═════ TASK MATERIAL

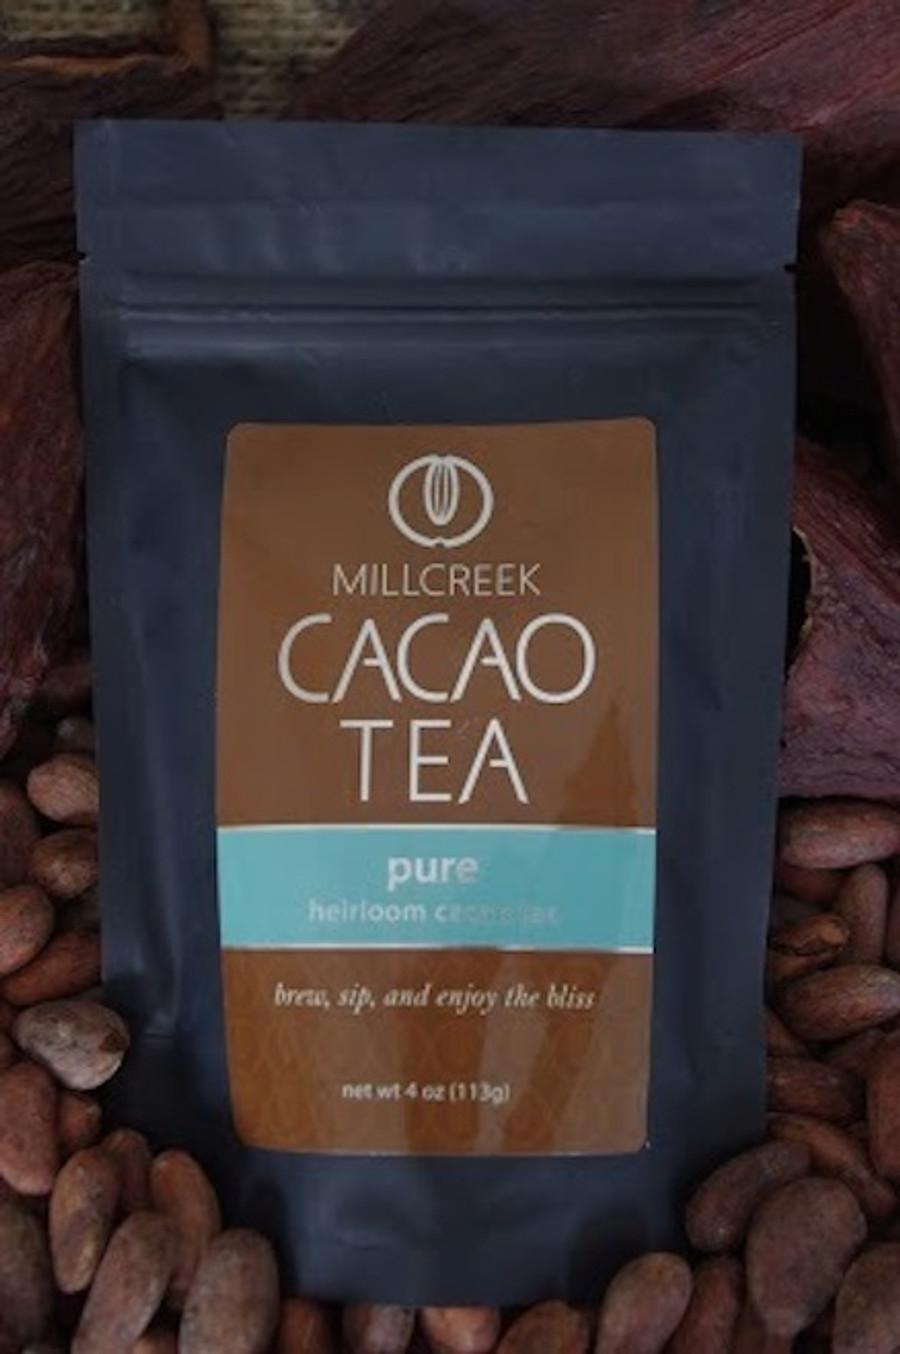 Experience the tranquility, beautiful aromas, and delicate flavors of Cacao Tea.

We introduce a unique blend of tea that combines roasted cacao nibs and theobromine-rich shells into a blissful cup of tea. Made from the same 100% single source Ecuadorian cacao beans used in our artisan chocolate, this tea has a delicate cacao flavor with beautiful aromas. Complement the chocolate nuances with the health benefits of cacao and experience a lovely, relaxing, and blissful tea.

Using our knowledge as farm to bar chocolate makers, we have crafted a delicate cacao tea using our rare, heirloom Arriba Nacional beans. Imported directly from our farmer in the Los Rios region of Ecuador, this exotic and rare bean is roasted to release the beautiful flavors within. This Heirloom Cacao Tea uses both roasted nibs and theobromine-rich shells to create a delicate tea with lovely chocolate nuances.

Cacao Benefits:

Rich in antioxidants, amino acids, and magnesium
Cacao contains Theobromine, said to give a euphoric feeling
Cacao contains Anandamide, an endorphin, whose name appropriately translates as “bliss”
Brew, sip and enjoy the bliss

══════════

§ **ACTIVITY**: Nothing but an exact copy belongs in the answer: the lines from the top of the records through the line containing "We introduce a", minus the pictures.

§ **EXPECTED ANSWER**:
 Experience the tranquility, beautiful aromas, and delicate flavors of Cacao Tea.

We introduce a unique blend of tea that combines roasted cacao nibs and theobromine-rich shells into a blissful cup of tea. Made from the same 100% single source Ecuadorian cacao beans used in our artisan chocolate, this tea has a delicate cacao flavor with beautiful aromas. Complement the chocolate nuances with the health benefits of cacao and experience a lovely, relaxing, and blissful tea.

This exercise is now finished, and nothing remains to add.